We need to re-create a public square ideally with a new source of funding, with a public media model along the lines of The PBS Newshour, Charlie Rose, and Diane Rehm.

We can create a shadow congress in which former legislators across the spectrum convene and engage in robust civil debat (Congress rarely engages in meaningful debate, this could be one way of compensating for this shortcoming).

The ideologically exteme Republicans must be reigned in.  Democrats are not without fault but they stay within bounds.  There is some hope for change from within the Republican party in resposne from criticism from conservative comentators like Ramesh Ponnuru and Steven Hayward who have chastisted Republicans for their ideological rigidity.

The power of the citzenry should be harnassed.   In our present climate a “throw the bums out” mentality will likely only reinforce hyperpartisanship.  We are not a dircect democracy but a Republic and we need leaders and representatives who can shape the debate responsibly, setting the tone for the voter.

Obama wanted to be postpartisan but he ran into a Parliamentary Republican Party intent on obstruction. The best Presidential strategy in such a situation would be to not give in to the opposition and thereby expose their extremism, the President should continually shine a light on their obstruction.  There is then hope that the public will turn on Republicans in the next election in a manner more informed than a 'throwing the bums out' approach.

Traditional media must stop pretending that the partisanship is equal. The public must be properly educated on the meaning and reality of asymmetric polarization.  Politician’s lies or distortions about facts should be emphazised in news stories not buried in back pages. Reporters should reveal when a minority party kills a bill by filibuster and not treat a 60 vote hurdle as customary.  It is of utmost importance that traditional media clarify the differences in the party platforms.
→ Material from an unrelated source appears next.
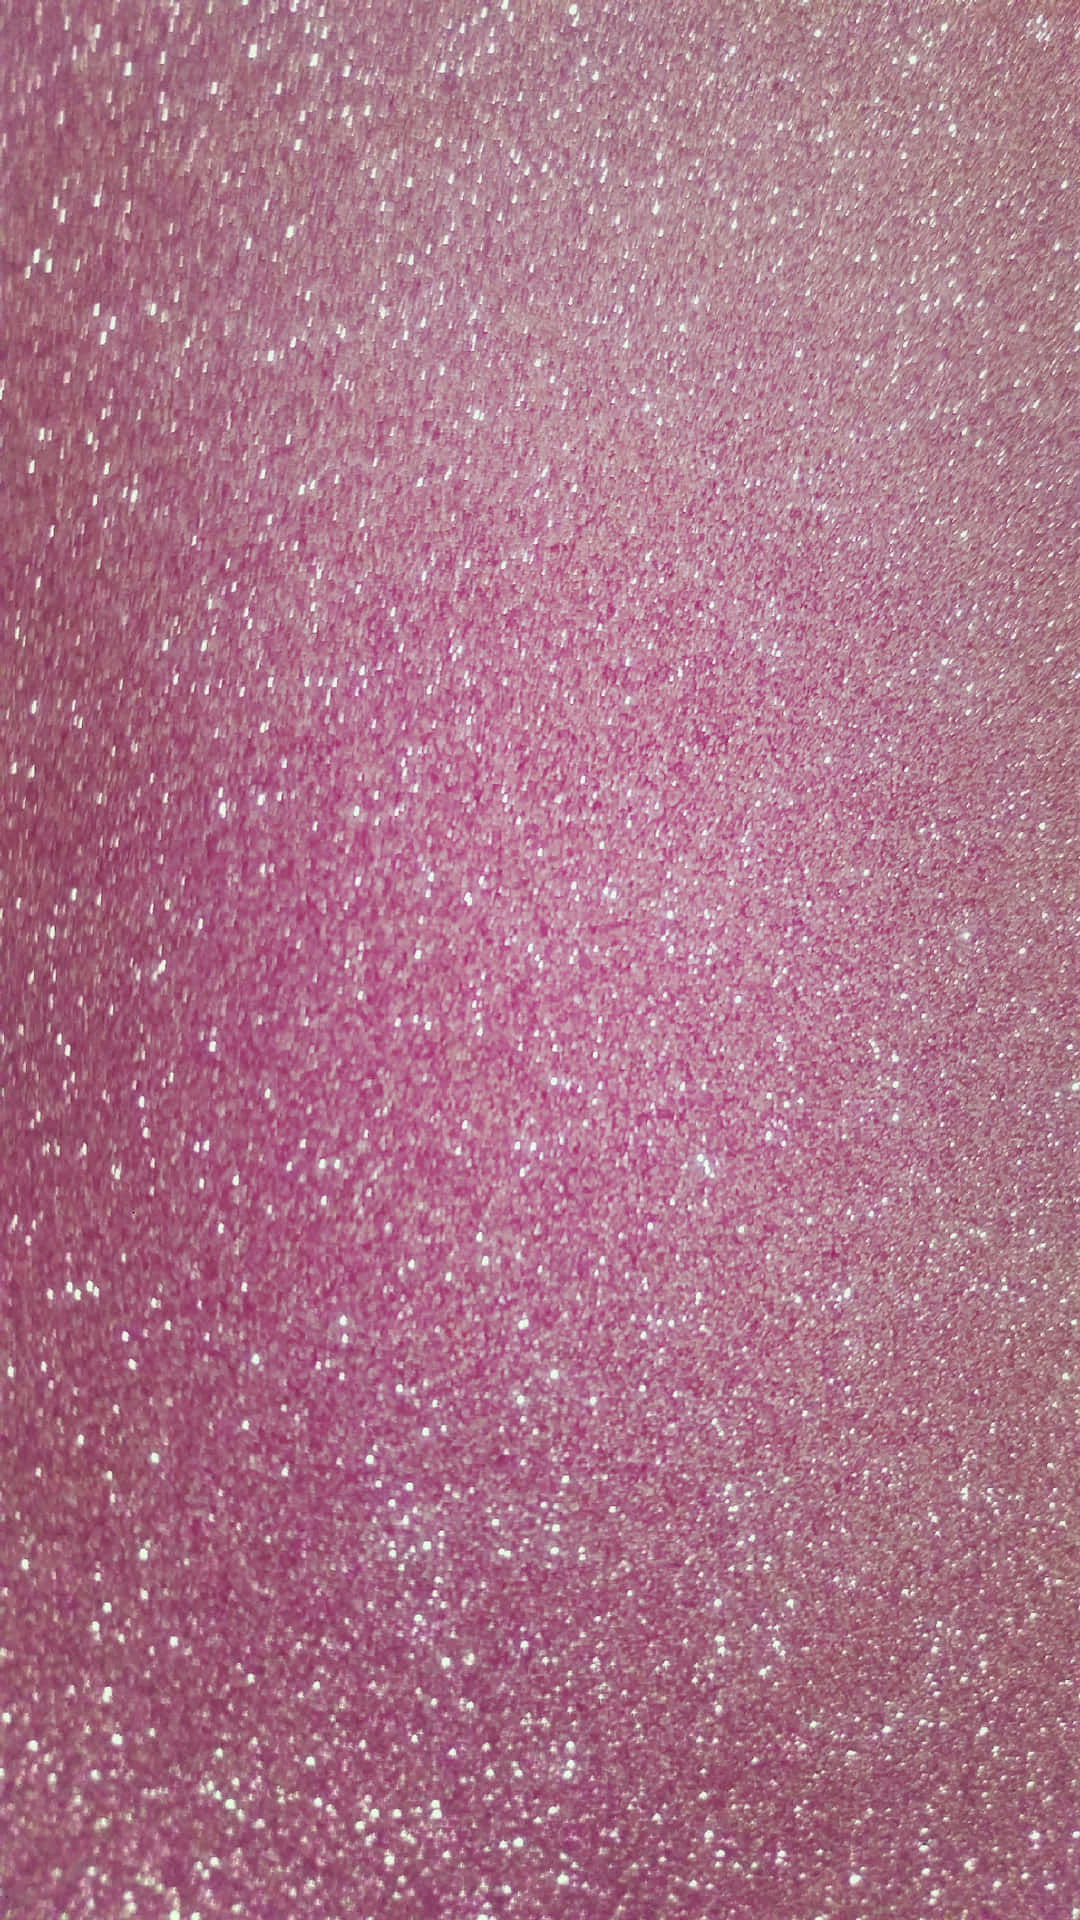 Get in a magical state of mind with this gorgeous Glitter Pink Background
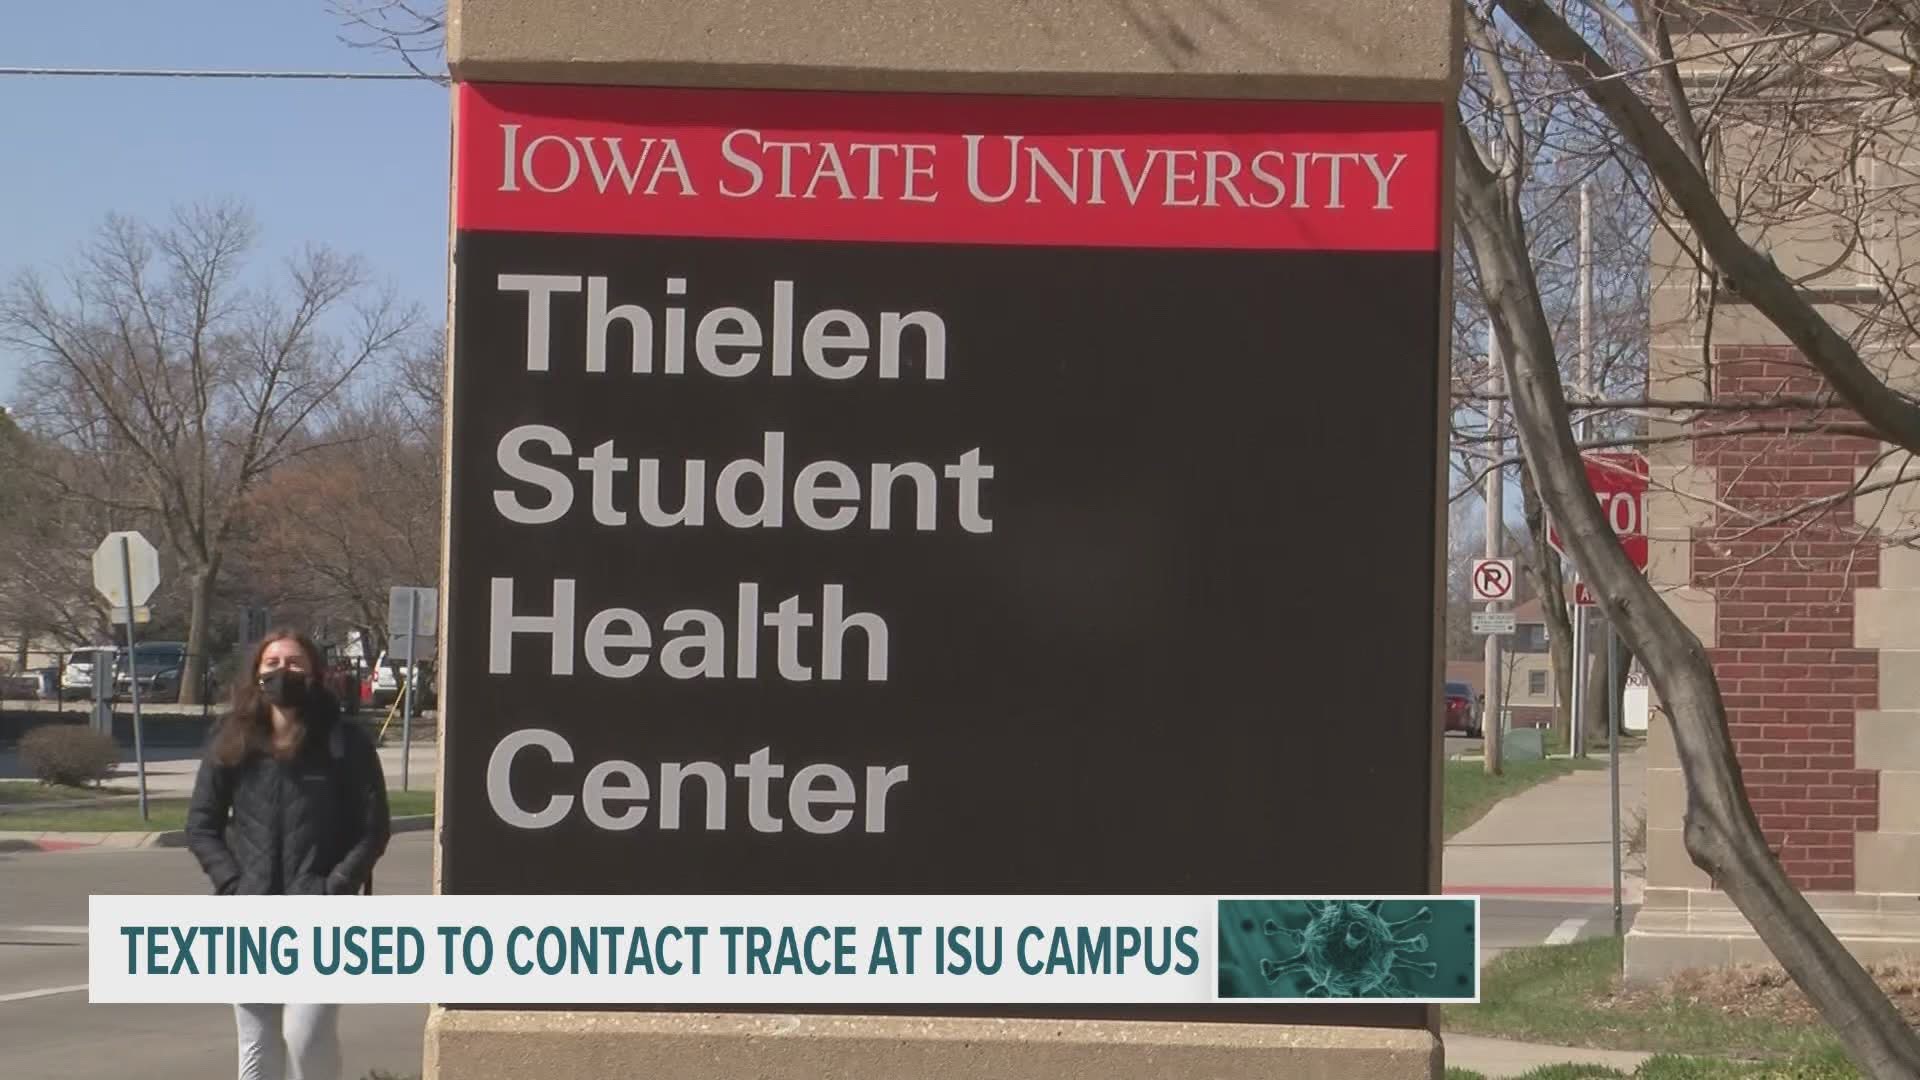 The health center stayed open, while many parts of the campus were closed, proving staff could handle treating patients with other illnesses during the pandemic.

Voters must punish extremism and seek to restore & maintain norms. They must also question the use of filibusters, and beware of centrist candidates as they are most likely to merely play spoiler.

The authors conclude with a nod to a Westminster-style parliamentary system. It enables the majority to put its program in place and when the next election cycle arrives voters have a clear idea of the majority party's successes and failures. Accountability is clearer and cleaner than in our present mismatched politics. 

Still the authors see hope in the patriotism of Americans, their belief in freedom, their flexibility in responding to crises.  And there are signs of hope in the country at large, such as the ability of many of our metropolitan areas to form public-private partnerships to solve problems.  Social movements like the Tea Party and Occupy Wall Street, despite some unsettling elements, reveal an honest desire to get America back on track.